3º Sarau em Libras promove 22 apresentações no Teatro César Cava

"Os mesmos se sentem realizados, pois sabem que oportunizaram um momento de entretenimento à comunidade surda, pois é muito difícil eventos direcionados a esse público".

VARIEDADES - DA REDAÇÃO

Data 13/05/2015
Horário 11:03
 

O Sarau em Libras transforma a linguagem dos sinais em arte inclusiva no palco de Teatro César Cava da Unoeste (Universidade do Oeste Paulista) de Presidente Prudente. Em sua terceira edição, o evento da Faclepp (Faculdade de Artes, Ciências, Letras e Educação) contou com 22 apresentações de música, teatro, poesia, depoimento, além de vídeo e palestra sobre direitos dos surdos.

Durante o evento, o arte-educador Josué Pantaleão pintou uma obra que interagia com um participante de cada grupo que se apresentava no palco. Um dos momentos mais emocionantes foi o depoimento da egressa de Letras, Andréa Segatto, que relatou a importância da Libras na vida dela durante o difícil tratamento de um câncer raro.

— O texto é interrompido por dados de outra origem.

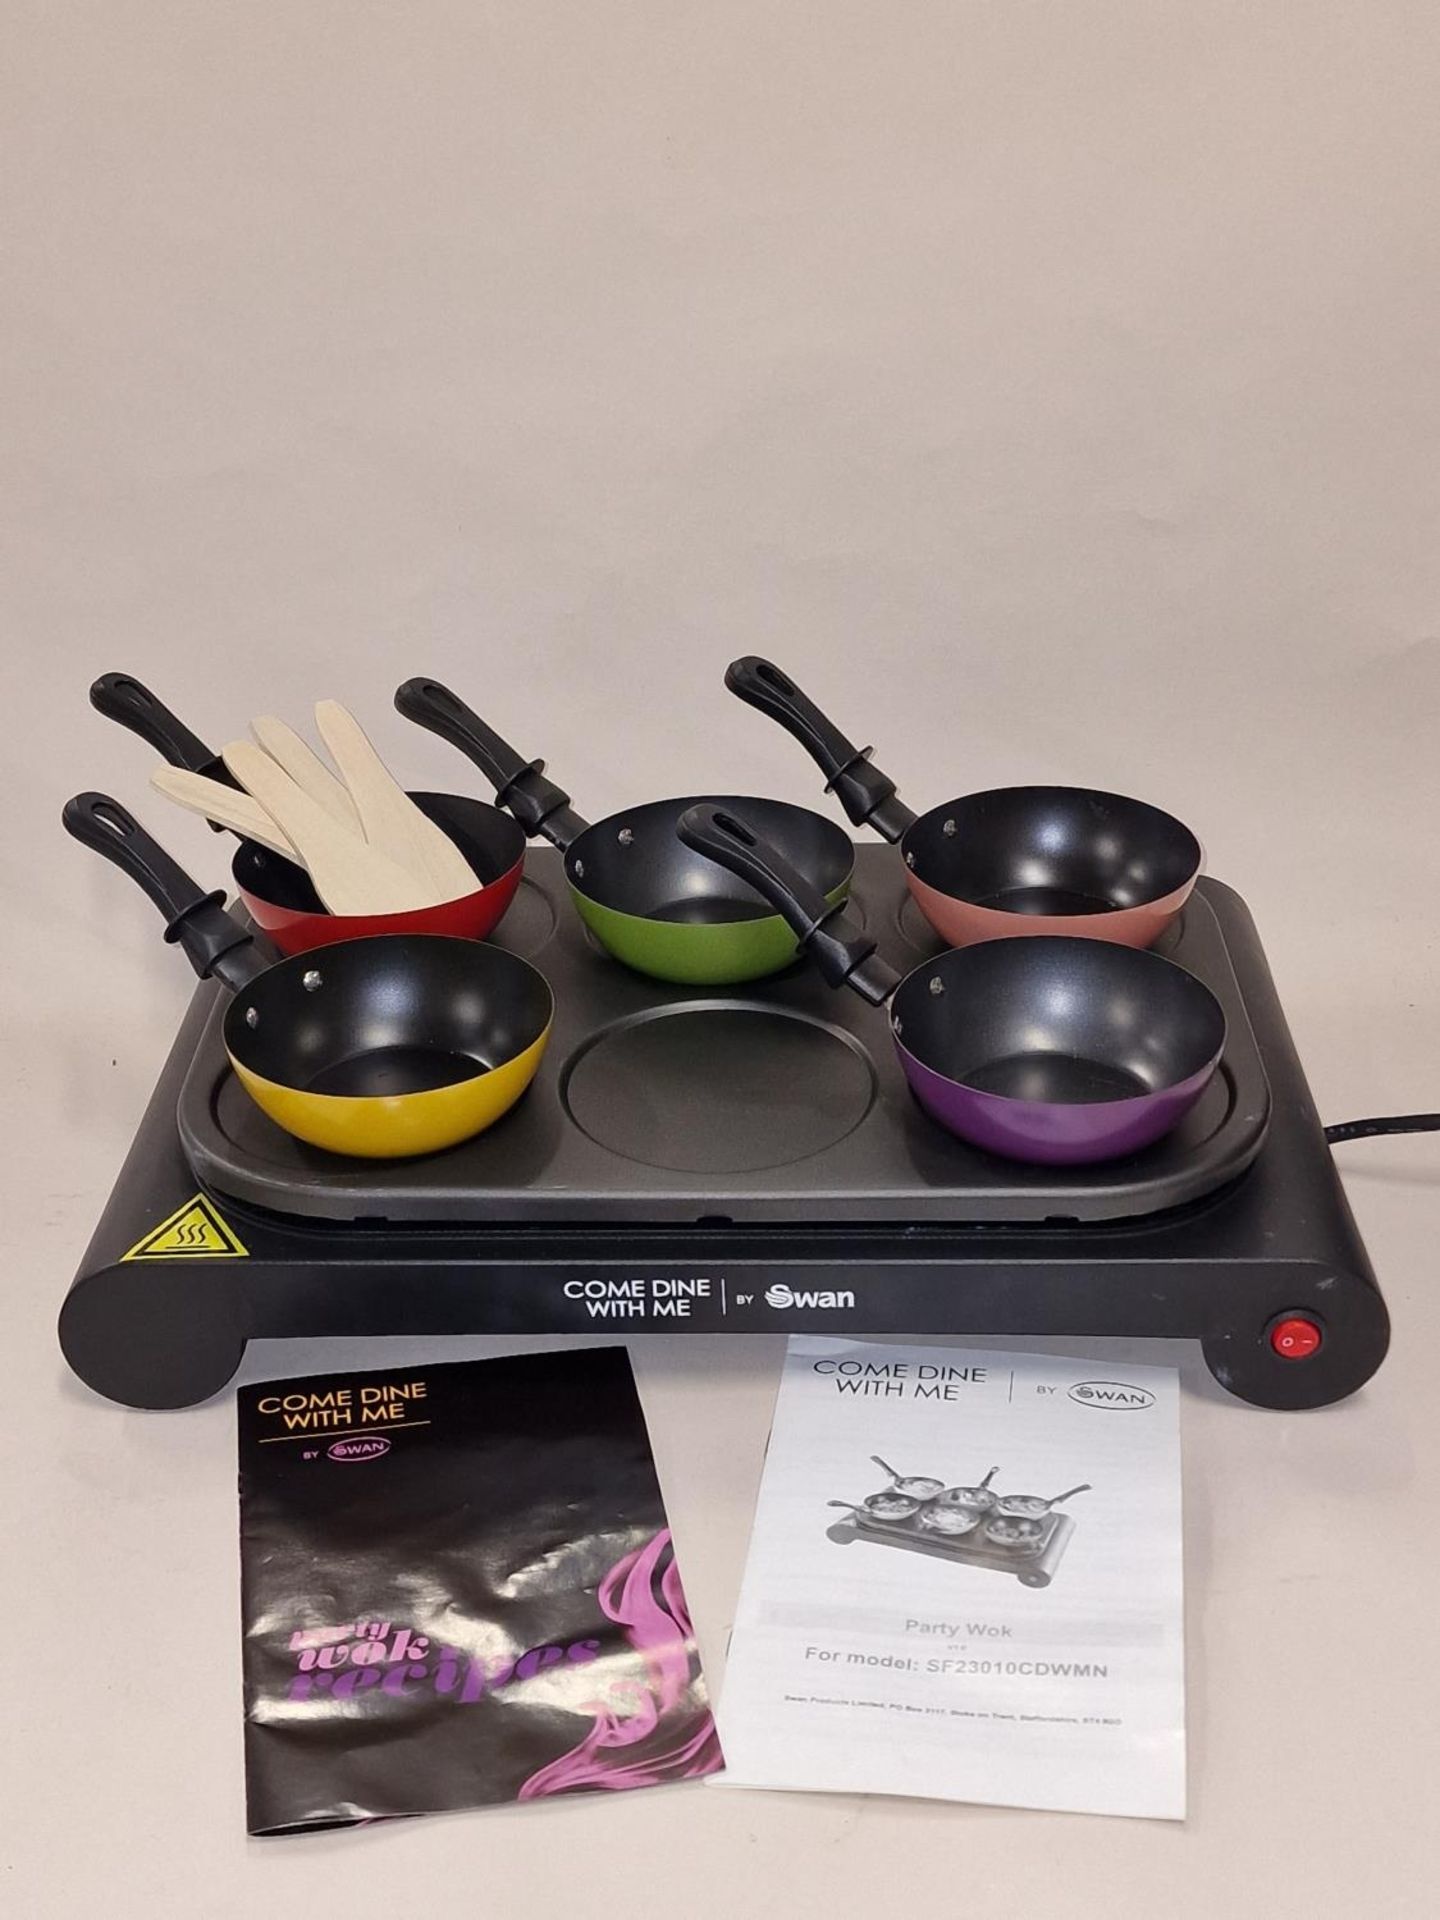 A come dine with me Party Wok with Pans and wooden utensils and manuals.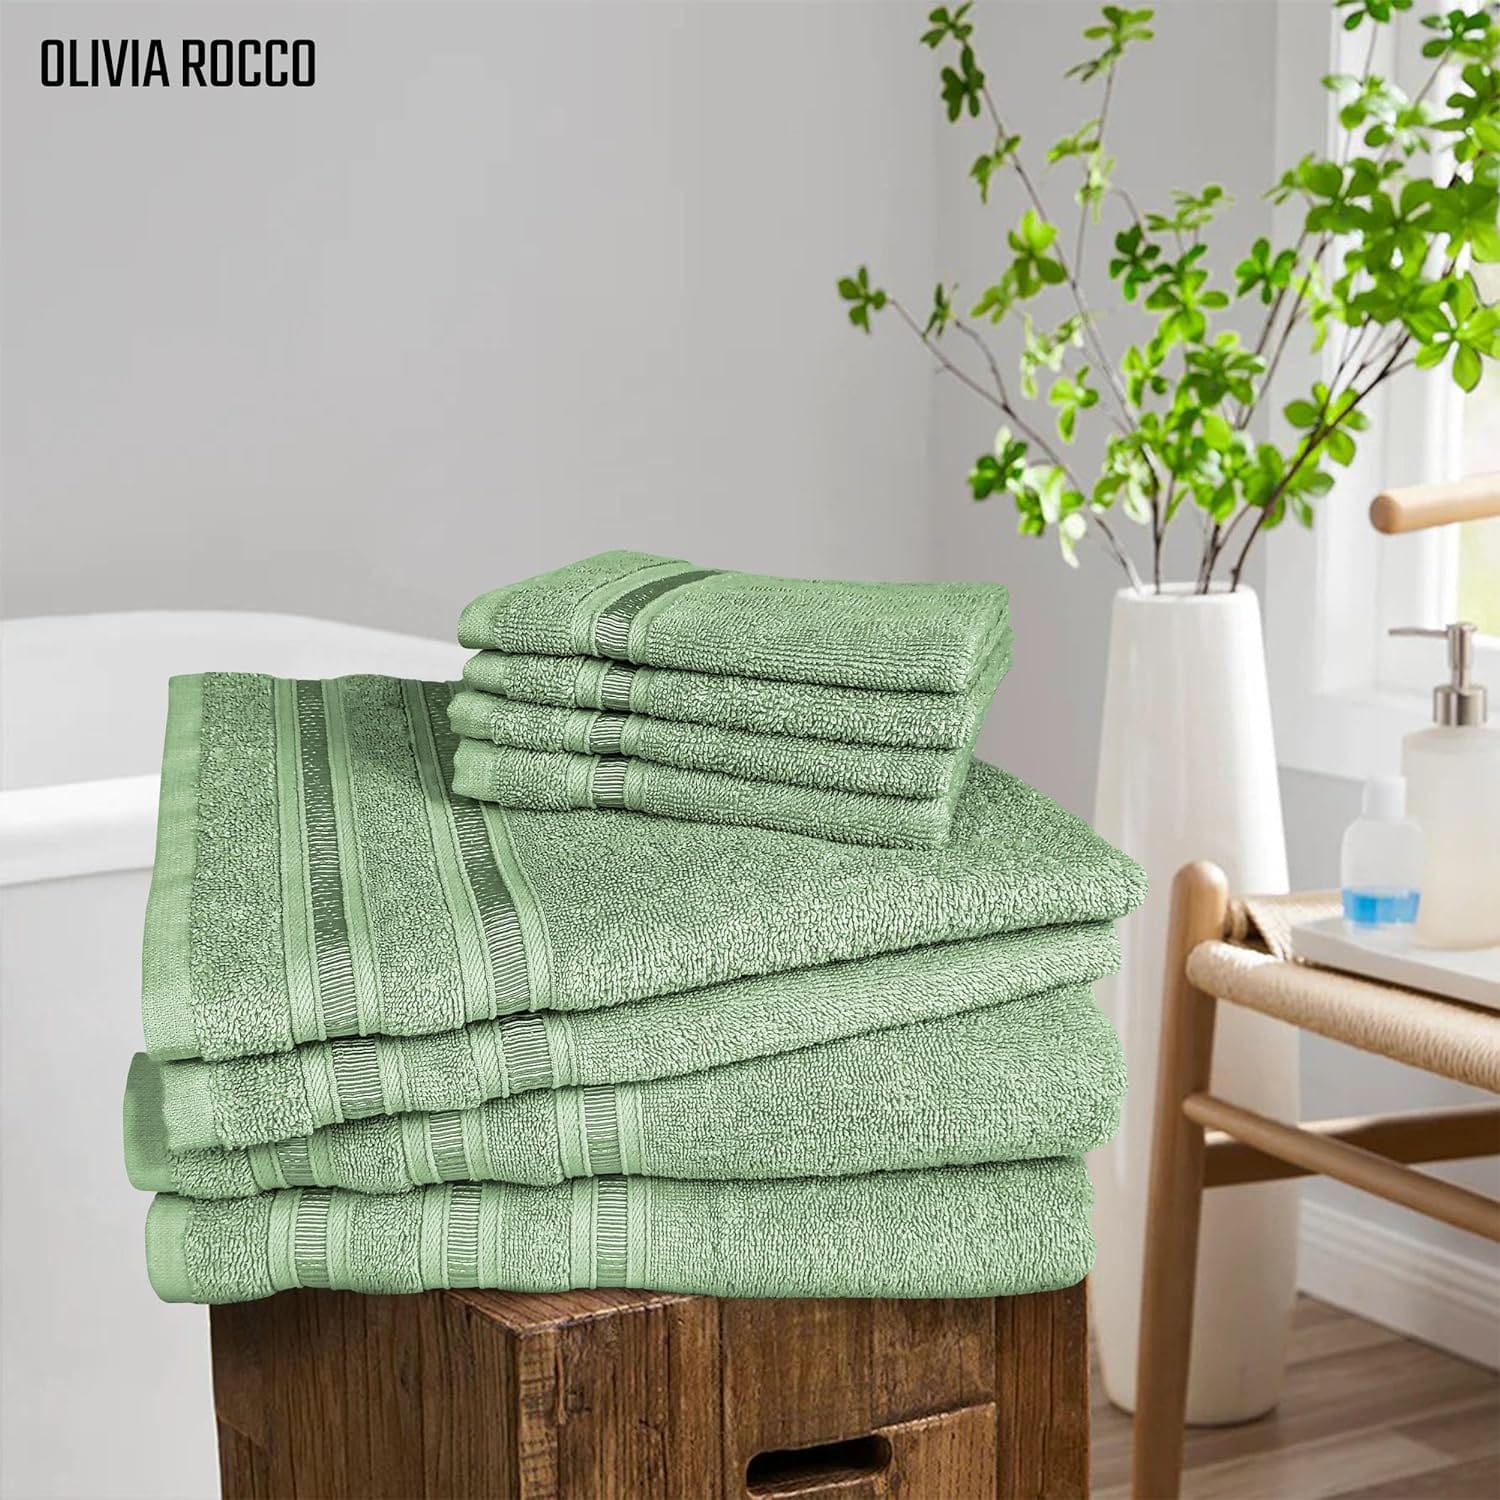 Ritz Collection Towel Sets Bale Viscose Stripe Towels Range Highly Absorbent OLIVIA ROCCO Towel

Valéria Isaura de Souza, coordenadora do evento e professora responsável pela disciplina de Libras, enfatizou a evolução das apresentações nessa edição. De acordo com ela, devido às condições da surdez, a cultura surda necessita de estratégias visuais como expressão corporal e facial, além do figurino que ajuda na aproximação do real. "Dessa forma, as apresentações ficam mais atraentes para as pessoas surdas e para os ouvintes também".

Gisele de Andrade Teixeira Sales, da comissão organizadora, comenta que os acadêmicos se dedicaram muito nos ensaios e todos demonstraram muito empenho para atingir uma boa preparação profissional. "Os mesmos se sentem realizados, pois sabem que oportunizaram um momento de entretenimento à comunidade surda, pois é muito difícil eventos direcionados a esse público".

Nayara Cristina Oliveira Menezes, acadêmica do 5º termo de Ciências Biológicas, abriu as apresentações com a interpretação do Hino Nacional. Ela teve contato com a linguagem dos surdos no coral da escola e se apaixonou. Quando terminar a faculdade, Menezes quer se aprimorar com o curso de 60 horas. "Eu quero ser professora e além de Libras ser algo bonito, eu quero integrar mais o aluno surdo na aula, não só deixar para o intérprete. Libras é importante, não é porque a pessoa tem uma deficiência, que tem que ser excluída, mas pra gente poder se comunicar com eles e entender um universo maravilhoso e totalmente diferente para nós ouvintes".

Souza finaliza ressaltando que a maioria dos surdos de Presidente Prudente e região são jovens e interagem em qualquer lugar, mas ainda existem várias barreiras comunicacionais na sociedade. "No evento, eles se sentem bem à vontade, porque são bem acolhidos e atendidos com acessibilidade linguística, conforme suas necessidades", finaliza a professora.